20050503

Why Free Software matters

No, I haven't turned into Richard M. Stallman.

I'm not in the habit of linking to trade press articles; most are trite. This one, however, summarizes my whole take on proprietary vs. free. Proprietary licenses give rise to abuses of power more often than not. That is why, as a general principle and if possible, they should be avoided. I don't care how much of the economy rests on them; a lot of the economy used to rest on strip mines, and those are still seen as harmful and as needing very strong regulation.

Now, in the bitkeeper case, it's a bit more complex, because one could argue that there was no good substitute at the time. And I can understand Linus' position of wanting to use the best tool. However, what I find unfortunate is how Linus and Larry reassured everyone that exactly what happened would not happen. Whose fault it is, doesn't matter. The fact remains: a proprietary program gives all the power to the author, and none to the customer. If you're going to use a proprietary program, make damn sure you freeze the license at least for the version you're using, so that conditions don't get changed retroactively. Better yet, if you have a free software alternative that fits the bill with minimum customization, just bite the bullet or hire someone to do it for you. It may cost more up front, but in the long run, it may actually be a safer proposition.

I know it's cliché, but would you buy a car with the hood welded shut?

(Interestingly enough, while there is a move for software to become more transparent, cars are actually becoming more opaque, but that's a whole 'nother can of worms...)

This said, take the time to read RMS's writings, instead of just putting him in the "communist" box. What he says is very similar to this. Some claim his arguments are "moral" rather than "practical" (and some discuss the morality of what he says). I contend that there is no difference; what is morality for, if it's not meant to help figure out praticalities?

20050501

On the limitation of ORM systems

Lately, I've been wondering why so many ORM systems tend me to throw up my hands in disgust and hope I'd just written straight SQL.

There's the Object-Relational impedance mismatch, of course. That alone is a big killer. The fact that relational systems support declarative rather than object-oriented data is a big problem. Another is that relational systems discourage encapsulation; you should know, when designing a database, exactly what you're going to store, because it dictates relationships. In OOP, refactoring objects to move state data around is no big deal. After all, what's one more pointer dereference? Especially when it's as likely that the refactor causes one less pointer dereference.

In relational systems, where the data is is one of the most important decisions.
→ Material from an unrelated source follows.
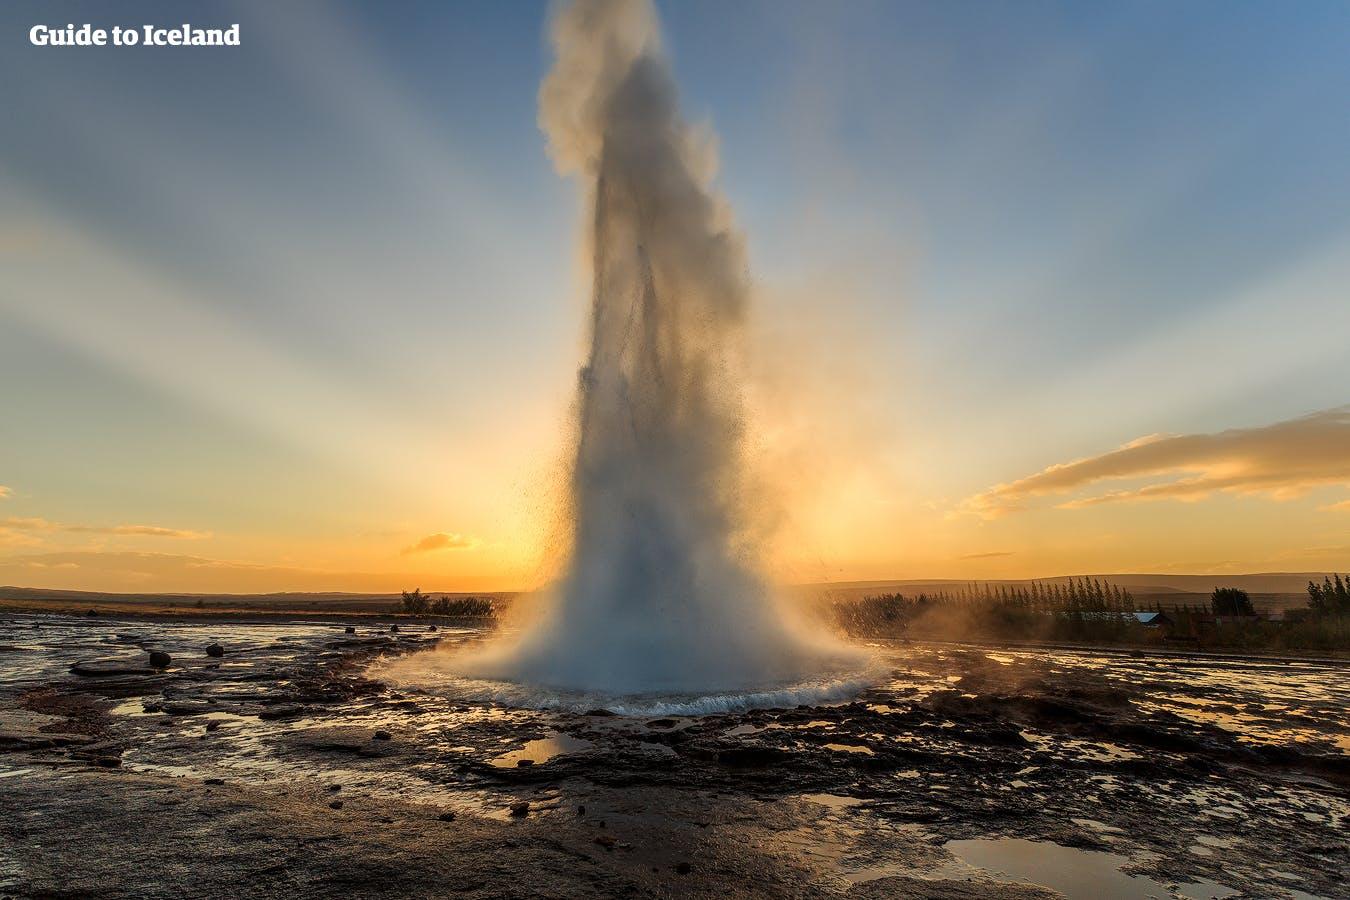 ホイカダルル渓谷に位置するストロックル間欠泉はゴールデンサークルの人気スポットの一つ

It dictates index structure, how many joins you need to make, how easily you can access the data from different parts of the system, etc.

Whatever ORM system you want to use, it must truly address this concern. Lazy-loading is not an answer. Neither is select n+1. You need something that can anticipate object queries (maybe from hints as to what objects are related when you pull an object graph) and collapse large joins into a normalized object graph.

But that's not the only problem. Another is the "garbage generation" problem.

This is a problem, mind you, that is mostly specific to garbage-collected languages where objects are very heavyweight (i.e., Java, C#; Python objects are heavyweight, but so are primitives, so I don't count Python in there). Even if you collapse large joins, each query will generate a lot of temporary objects. This is fine if you're actually going to do something with them. But what if you're only trying to display them to the user?

For such situations, a simple query with queries on column names may work better; especially since you can use limit/offset to tabulate the data. However, it's extremely annoying to lose the ability to query a typed object; working with string column names is annoying, it makes it hard to refactor, you don't get code completion, etc. Admittedly, all those things are crutches and aren't especially necessary to programming, but it'd be nice if you could have them.

But if you try to generate objects from a large query, you generate a lot of garbage. All that for a simple table display! A table display that is, in most business applications, very likely to be much more frequent than table updates...

The ideal interface, to me, would be to get an iterator that returns a single table row object graph at the time. Unfortunately, very few ORMs offer that.

The last problem is that many ORMs really, really want to provide your database schema. They'll work with custom schemas, but it's always a big problem. It's, to be fair, a really hard problem.

That said, I think Hibernate really handles many of those things well. So does iBATIS SQL Maps, although it does different things well. I'd like to have a combination of both, that is, the power of Hibernate with the ability to write custom queries. Or I'd settle for an iBATIS extension that makes it easier to handle multiple database dialects, and a way to have it iterate over result sets rather than populate lists. Or maybe iBATIS already does this; if anyone knows how, please drop me a line.

UPDATE: iBATIS has queryWithRowHandler(), which probably works the way I'd like it to. It's probably better than an iterator, because people forget to close result sets. Should have checked before starting to write this. All that's really missing is the custom database support. And, according to the todo file, they have no support for BLOBs yet (I know a few applications where this can be a problem). Still, overall, it looks like an interesting solution when you have to recycle an existing schema.